▸ **Exercise instructions**
No pictures belong in the copy. Restate the rest of the data exactly.

··· Data block

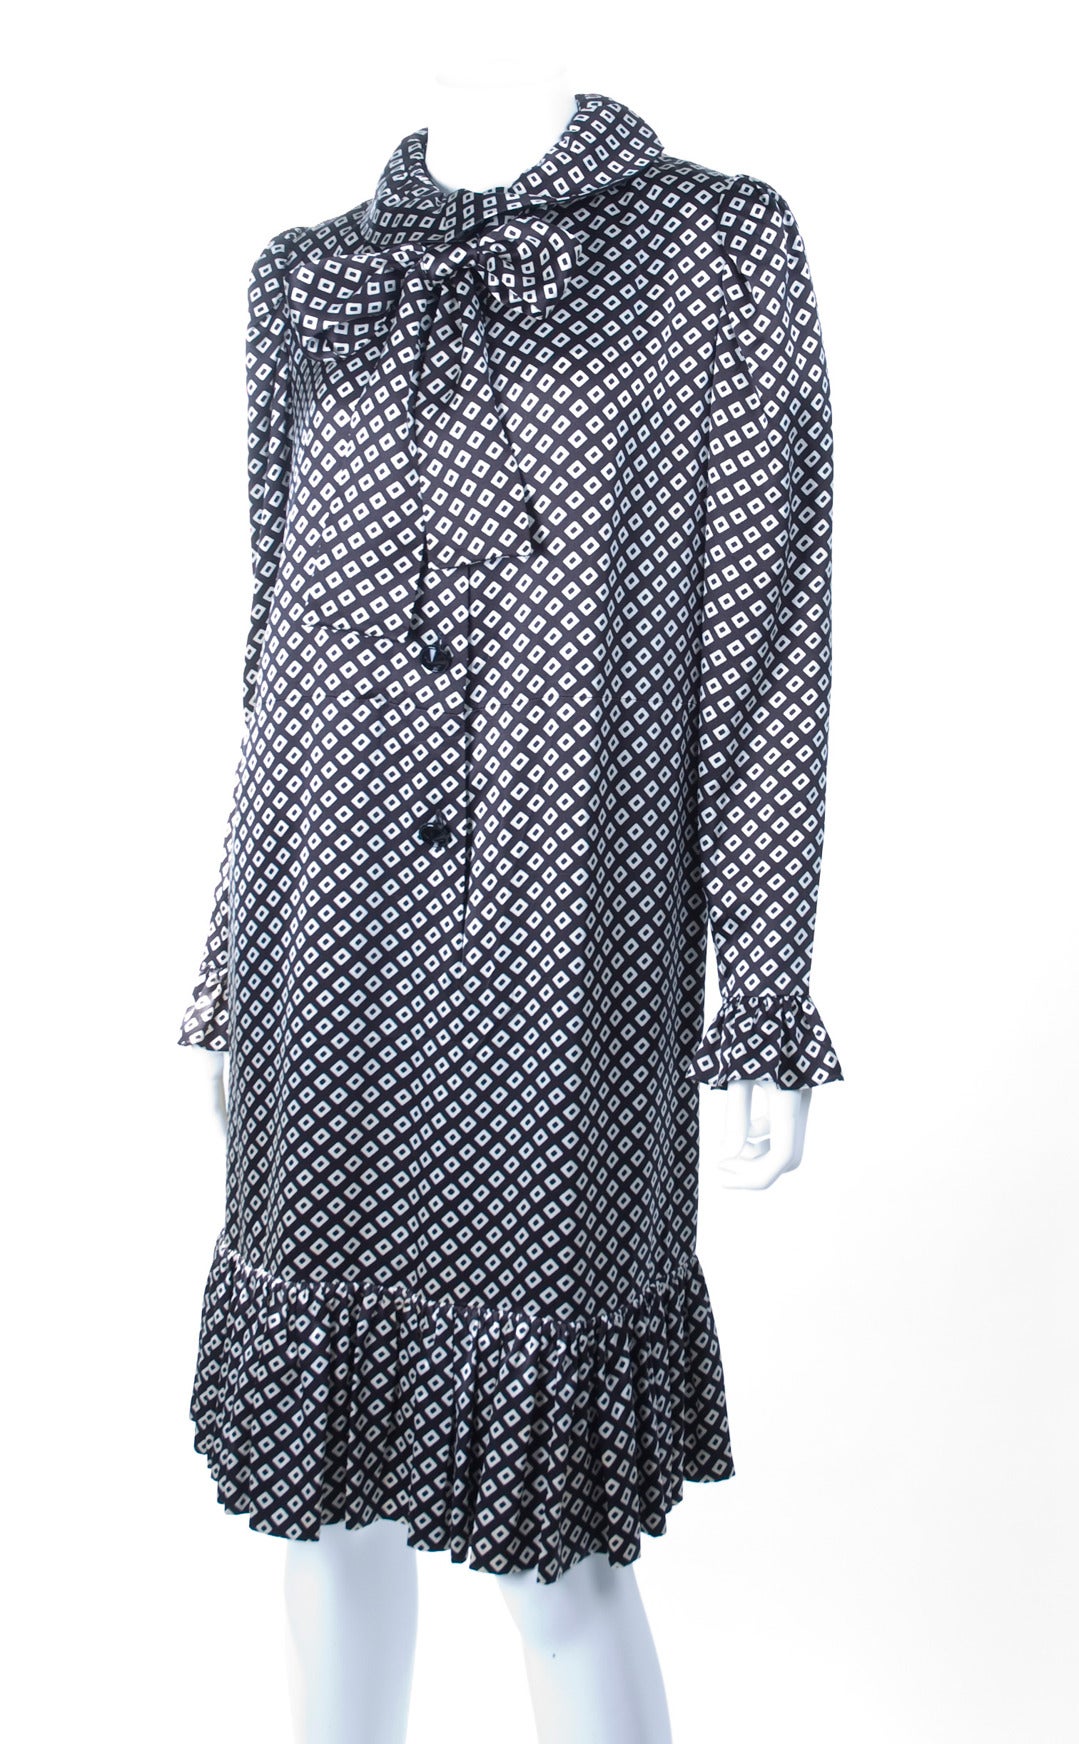 Vintage 1980s Givenchy Boutique Silk Satin Dress In Excellent Condition For Sale In Hamburg, Deutschland
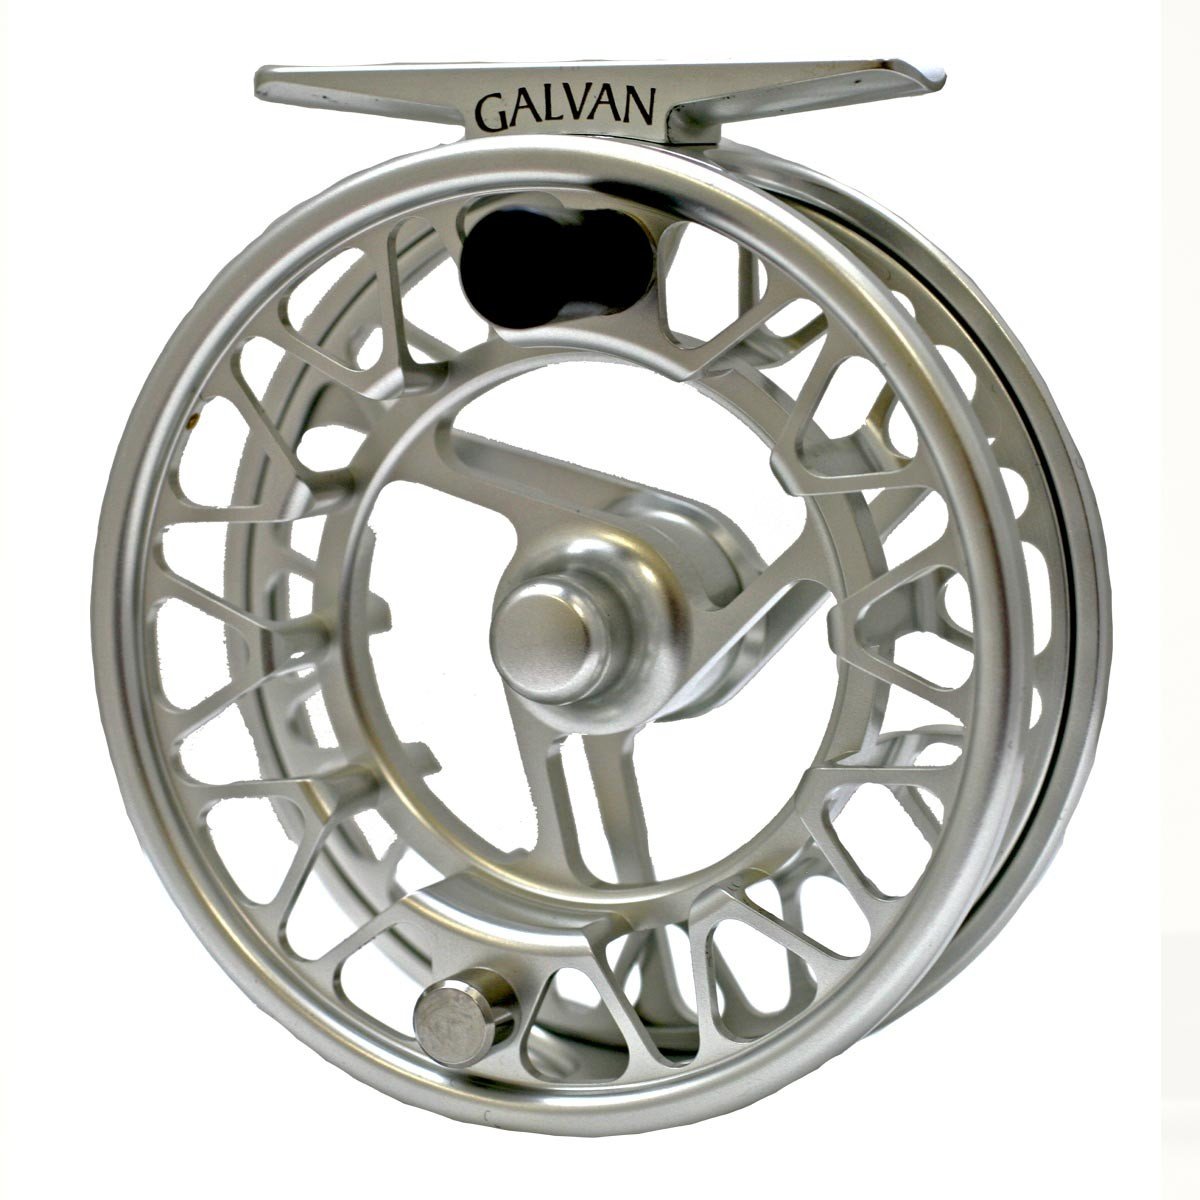 Galvan Brookie Spare Spool - Made in USA
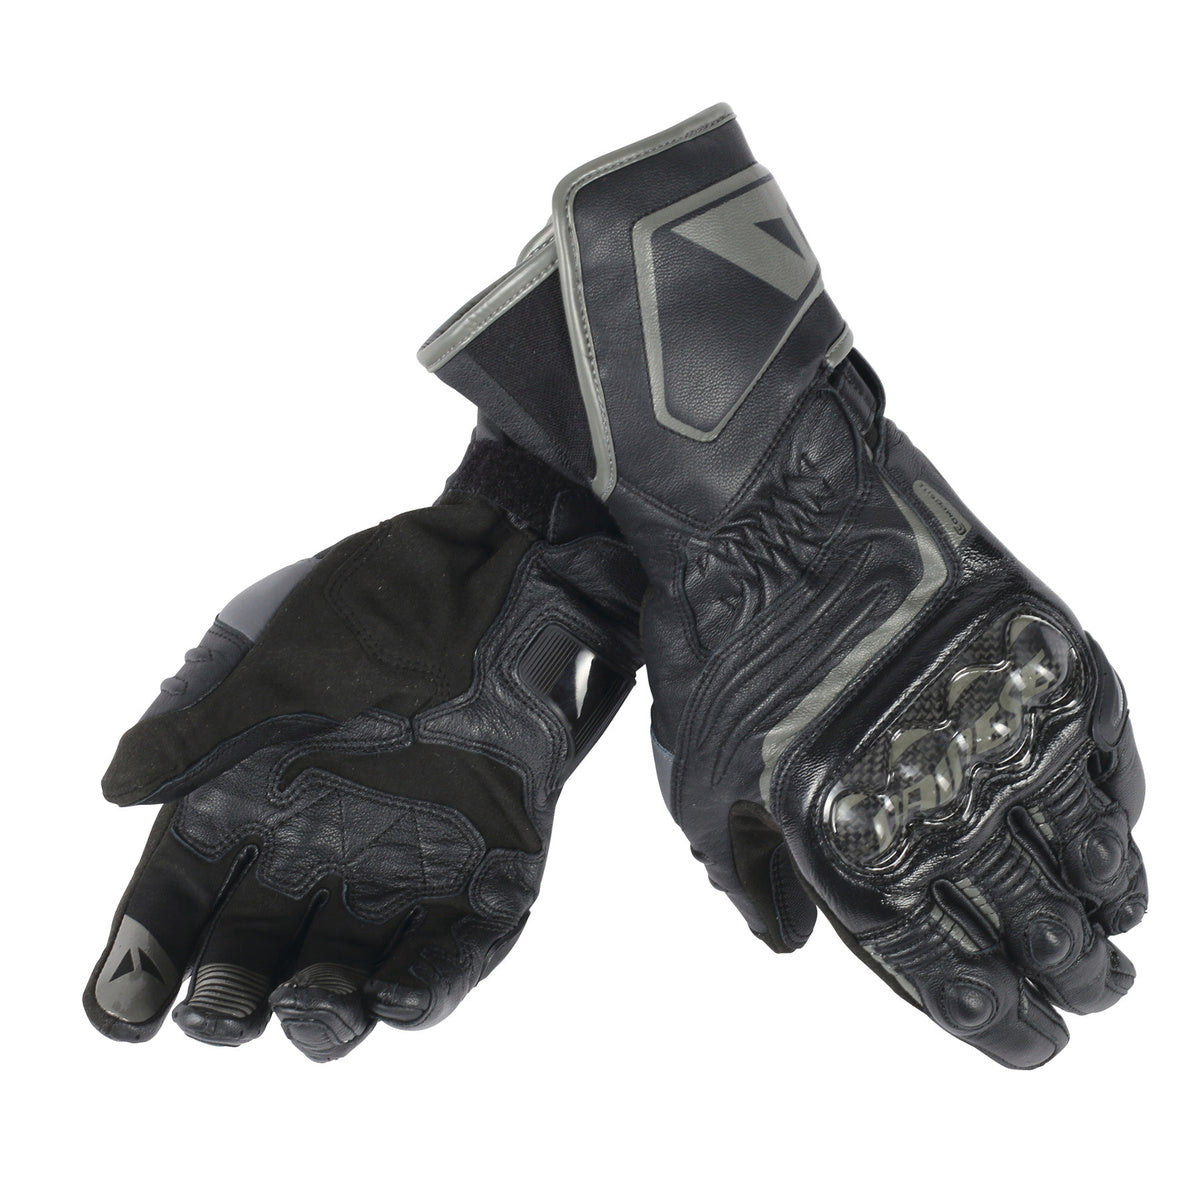 Dainese Carbon D1 Long Gloves
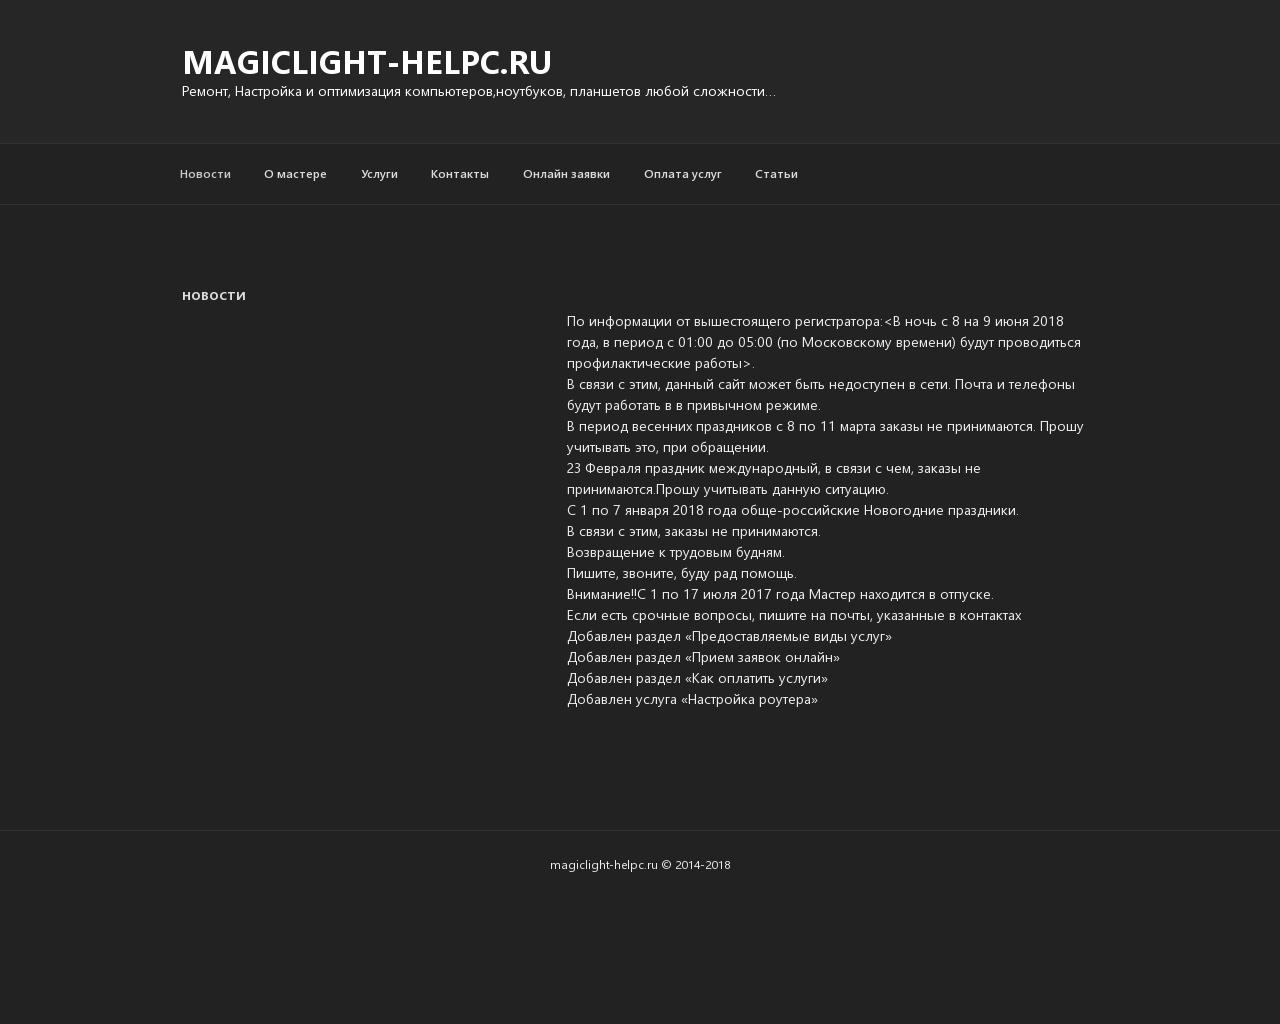 Изображение сайта magiclight-helpc.ru в разрешении 1280x1024

······

▸ **Response area**
 Vintage 1980s Givenchy Boutique Silk Satin Dress In Excellent Condition For Sale In Hamburg, Deutschland
 Galvan Brookie Spare Spool - Made in USA
 Dainese Carbon D1 Long Gloves
 Изображение сайта magiclight-helpc.ru в разрешении 1280x1024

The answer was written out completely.